If you have relative levels of importance, you can nest em elements to make the contents extra emphatic.

The <i> element “represents a span of text in an alternate voice or mood, or otherwise offset from the normal prose, such as a taxonomic designation, a technical term, an idiomatic phrase from another language, a thought, a ship name, or some other prose whose typical typographic presentation is italicized.”

Here are some examples of <i> where <em> would not be appropriate:

<p>The <i>Titanic</i> sails at dawn.</p>
<p>The design needs a bit more <i lang=fr>ooh la la</i>.</p>
<p>You, sir, deserve a jolly good kick up the <i>gluteus
maximus</i>!</p>

<strong>, <b>

The strong element represents strong importance for its contents but, unlike <em>, it does not change the meaning of the sentence.

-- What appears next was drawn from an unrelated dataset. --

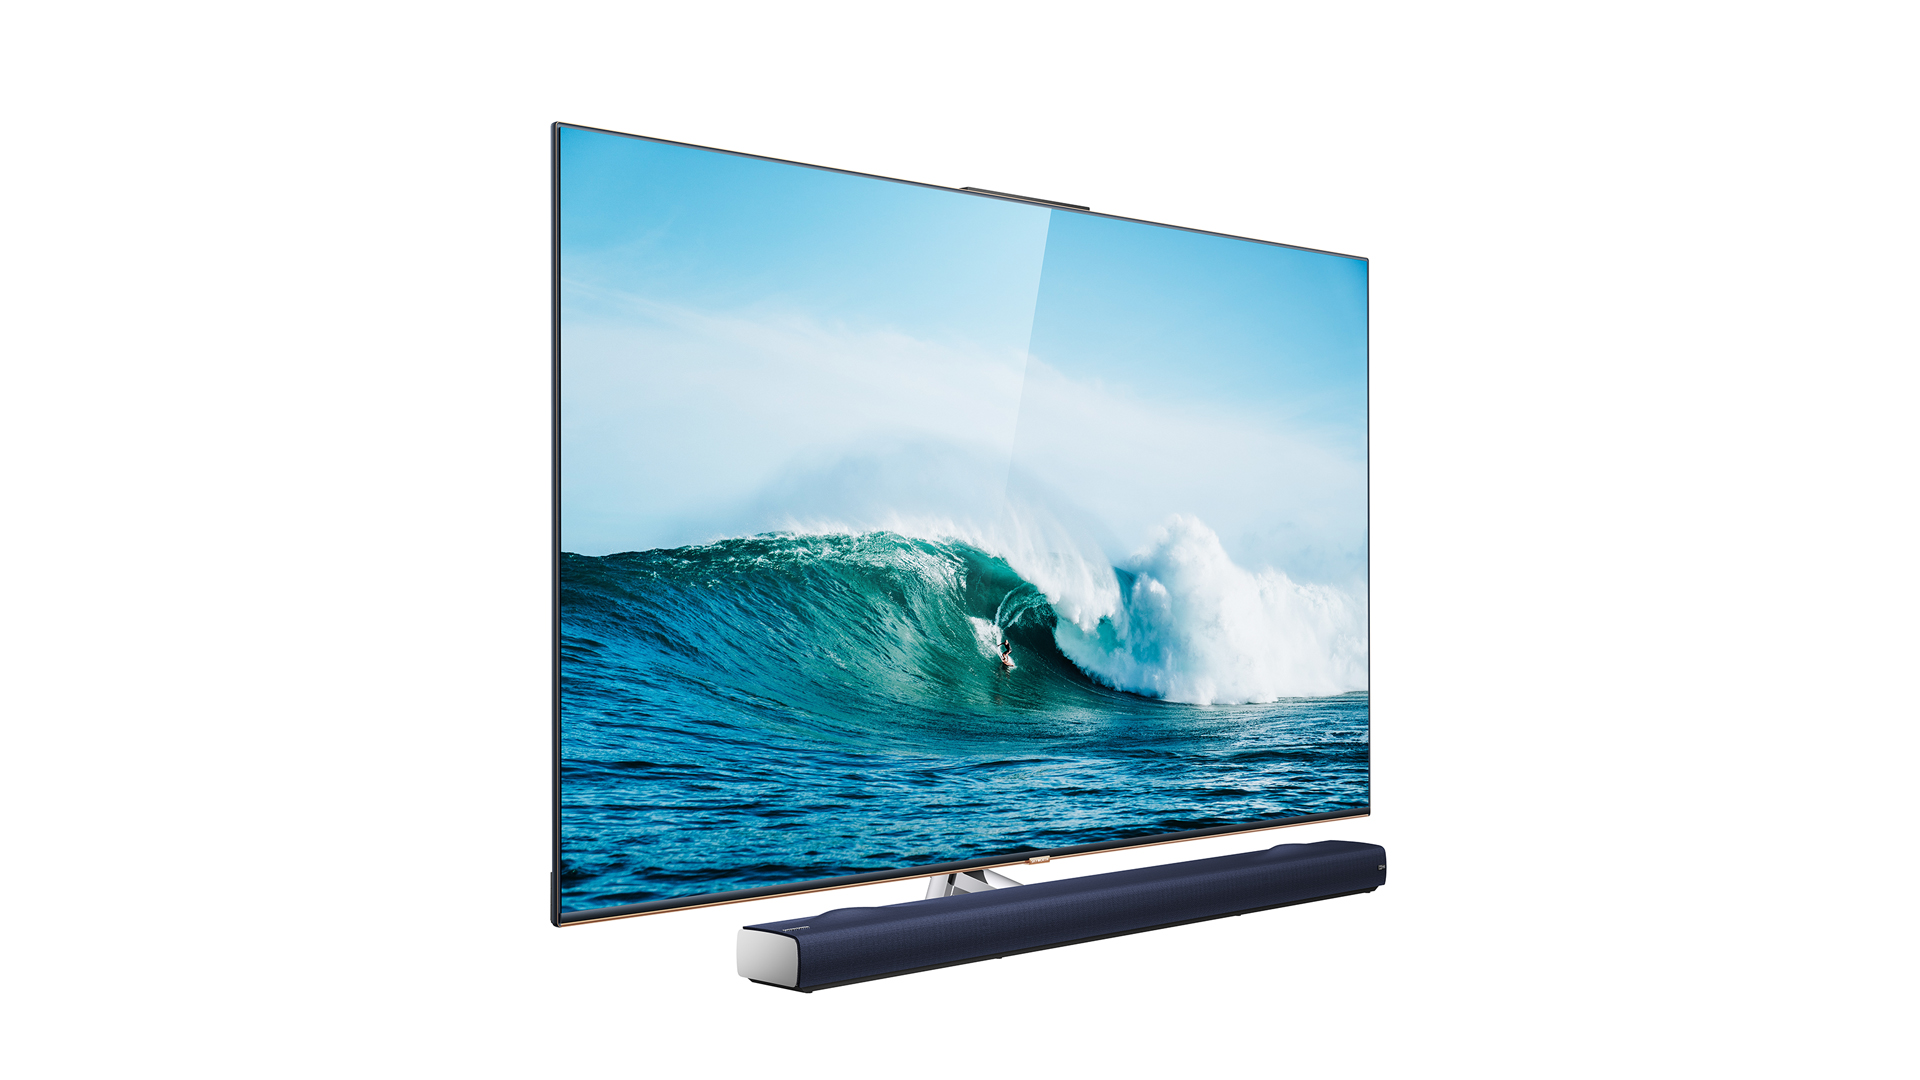 Stock image of Q91 8K TV from SKYWORTH on white background
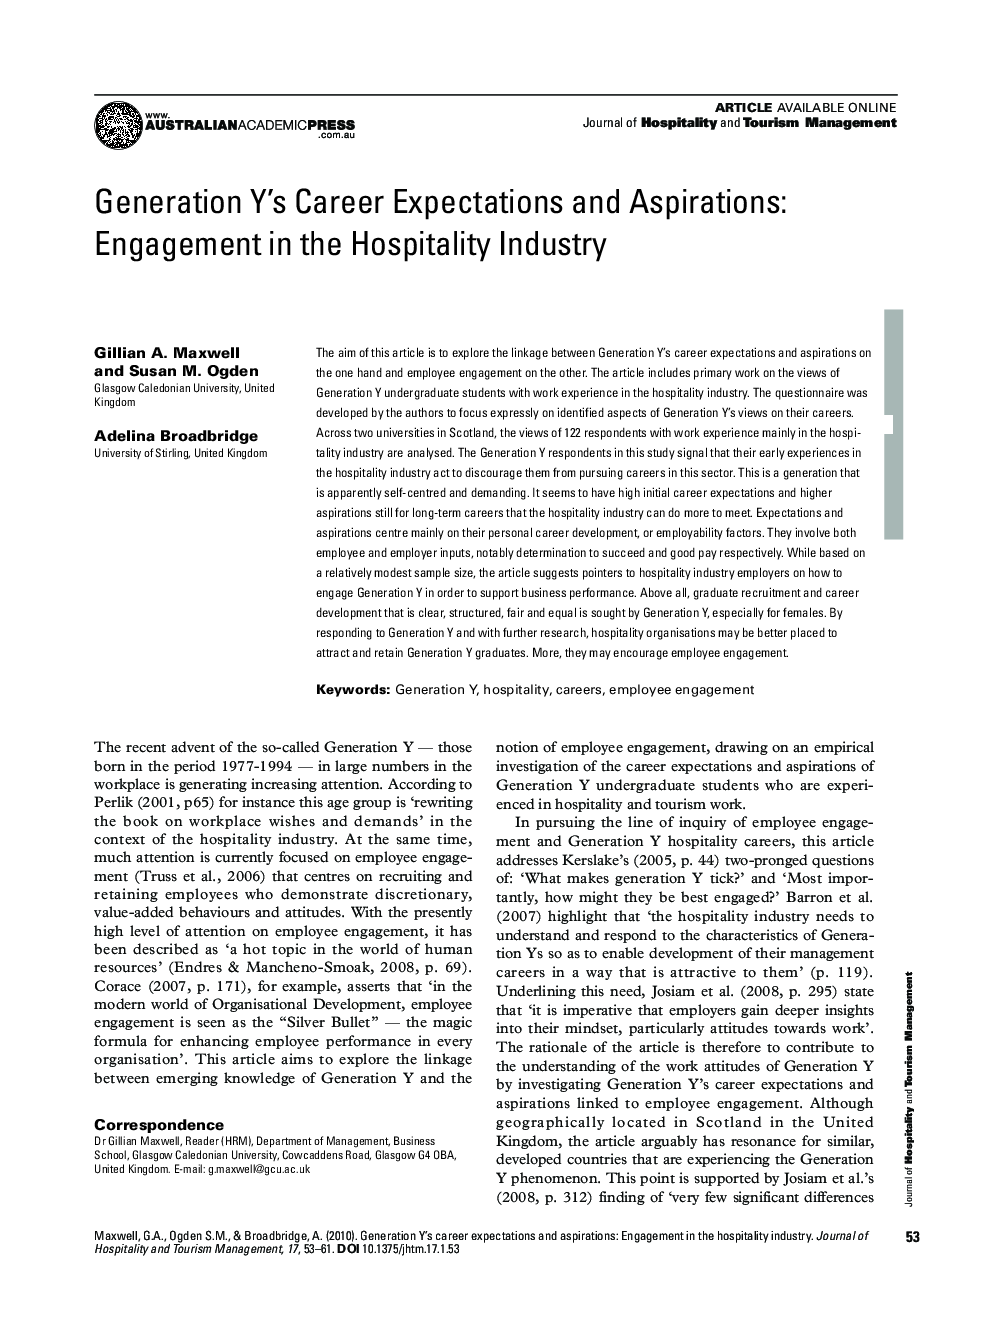 Generation Y's Career Expectations and Aspirations: Engagement in the Hospitality Industry

For example,

<p><strong>Warning! This banana is dangerous.</strong></p>

You can nest strong elements to make them extra-important.

The <b> element “represents a span of text to be stylistically offset from the normal prose without conveying any extra importance, such as key words in a document abstract, product names in a review, or other spans of text whose typical typographic presentation is boldened.”

For example:

<p>Remy never forgot his fifth birthday—feasting on
¬ <b>powdered toast</b> and the joy of opening his gift:
¬ a <b>Log from Blammo!</b>.</p>

<hr>

The <hr> element is now media-independent and indicates “a paragraph-level thematic break.” A comment on HTML5doctor put it nicely: It’s the markup equivalent of the “* * *” that is often used in stories and essays. We were about to write it off as a historical curiosity when fellow Doctor Oli Studholme wrote “<hr> is used as a section separator quite frequently in Japanese design. They’re generally hidden via CSS but visible when viewed on cHTML cell phone browsers, which only support very basic CSS and don’t get the visual design (and with it the visual separation of sections).”

Our advice: use sectioning content and headings instead with CSS for pretty dividers.

<small>

The <small> element has been completely redefined, from simply being a generic presentational element to make text appear smaller to actually represent “small print,” which “typically features disclaimers, caveats, legal restrictions, or copyrights. Small print is also sometimes used for attribution, or for satisfying licensing requirements.”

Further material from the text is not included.